In my opinion, Moms are the greatest people in the world. No matter what I do, good or bad, amazing or disappointing, she’s always there for me. She cries with me when I’m sad, helps me get through anything from my to-do list to a situation I’m really struggling with, and is always my greatest cheerleader for when I do something great. And honestly, I don’t appreciate her enough. It’s impossible to thank her enough for everything she does for me, but right now, I want to try and get as close as I can:
Dear Mama,
I can’t live without you. You’re amazing, you know that? And sometimes it’s hard to believe all of the shit you put up with from me.
You’re the person I can always cry to, and when you start crying too and say that you hurt when I hurt, it means the world to me. When you see me in tears, you drop everything you were doing as if it was insignificant, even if I’m going to monopolize your time for several hours. Getting a call at 3 AM “just wanting to talk” doesn’t phase you, and when it eventually does turn into a crying fest, you always know exactly what to say to make it better.
You always cheered me on at tournaments all throughout middle school and high school and hugged me while I cried after hard losses. Any time I’ve had doubts, like when I wanted to make friends and decided last minute to go through sorority recruitment, you were there. I feel like I can tell you everything. Even when I do hide something for a while, when I do eventually tell you, you don’t hold anything against me and give me the greatest advice I could ask for.
You don’t judge me for my quirks, but embrace them and maybe even encourage them. I may have peculiar tastes when it comes to music or fashion or entertainment, but that doesn’t stop you from searching hard to find something I’ll like just to cheer me up or letting me drag you along on a quest to find that perfect something, even if it means going to every store we can think of in town, just to go back to the first one we went to (sorry about that).
Even the little things that you do and probably consider insignificant really touch me and make my day. You’re always willing to read my essays and point out my grammatical errors and silly slip-ups. You let me be a child again when we’re at the grocery store and let me sneak things into the cart while you pretend you didn’t notice. When you bring up sending me a care basket and I jokingly say I need an adult coloring book and chocolate, you indulge me and send me just that. And letting me bring home three bags of laundry and getting me an appointment with my hair stylist is all a scheme to get me to come home.
I notice all of these efforts you make, and honestly these don’t even scratch the surface of all the things you are willing to do for me and all of the amazing things that you have done for me. In reality, I quite literally cannot thank you enough. I don’t deserve you. I’ve yelled at you, cried because of something you’ve said to me, been angry with decisions you’ve made, and in reality, I should have been thanking you. You have never done anything that wasn’t in my best interest and I truly fear disappointing you, even though you’ve made it clear that you think that I can’t.
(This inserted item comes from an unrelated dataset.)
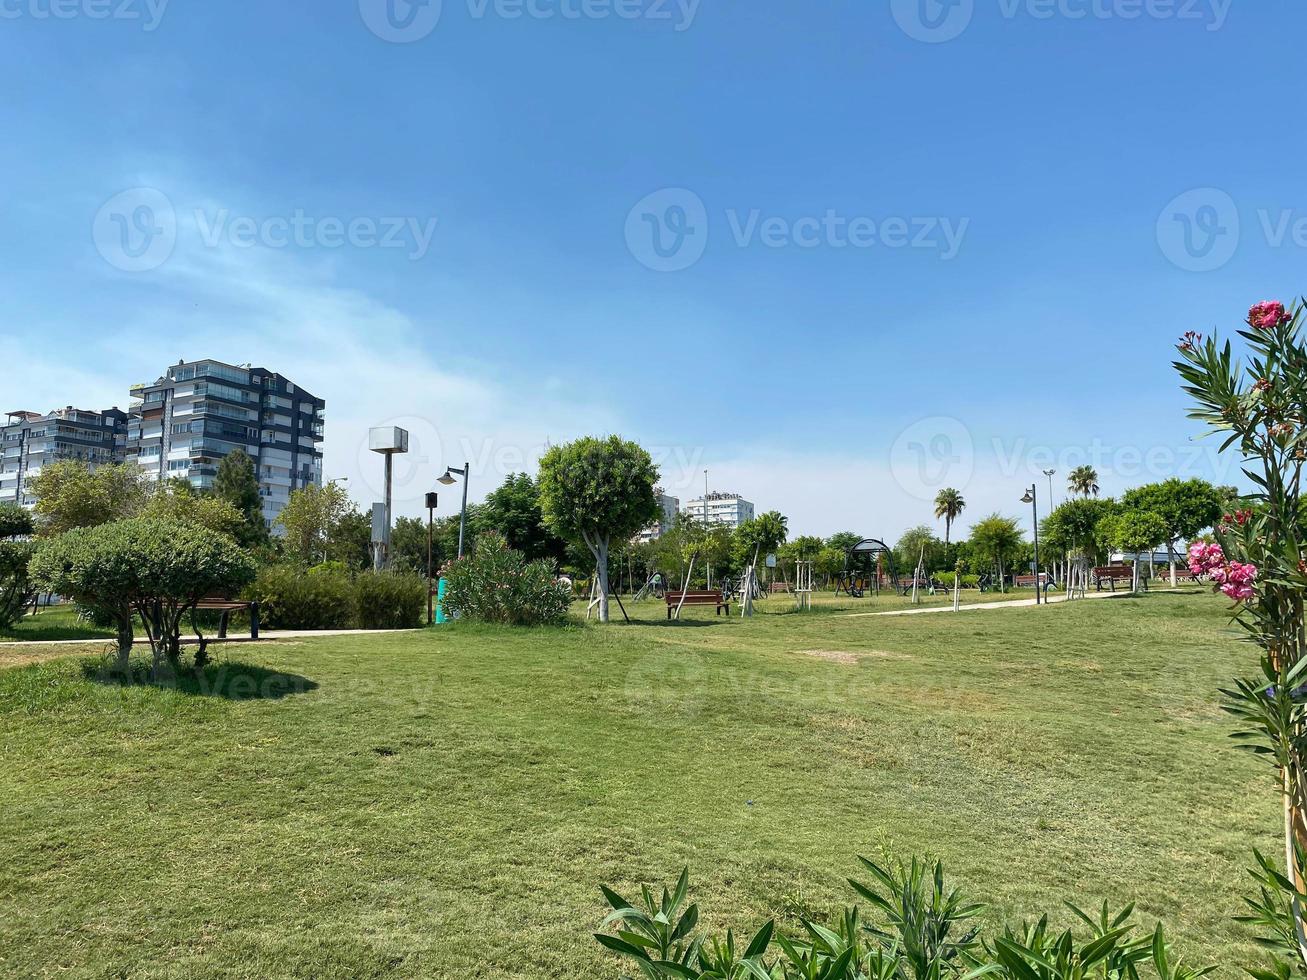 nuevo y hermoso parque moderno con plantas verdes, árboles tropicales y arbustos. lugar de descanso en la ciudad foto

And for that, I don’t think I can truly express how much I truly appreciate you. This letter certainly doesn’t quite cut it, but it’s a start.
So, Mama, I want to tell you one last time: I seriously can’t live without you. Thank you, thank you, thank you. You mean the world to me! And thank you for letting me be me. I love you so much, Mama.
Love,
The Most Undeserving Daughter Ever
Now if you’ll excuse me, I’m still crying after writing the last 2 paragraphs of my letter. I miss your hugs and a month is certainly too long to wait to see you again, Mama. I miss you so much. I love you.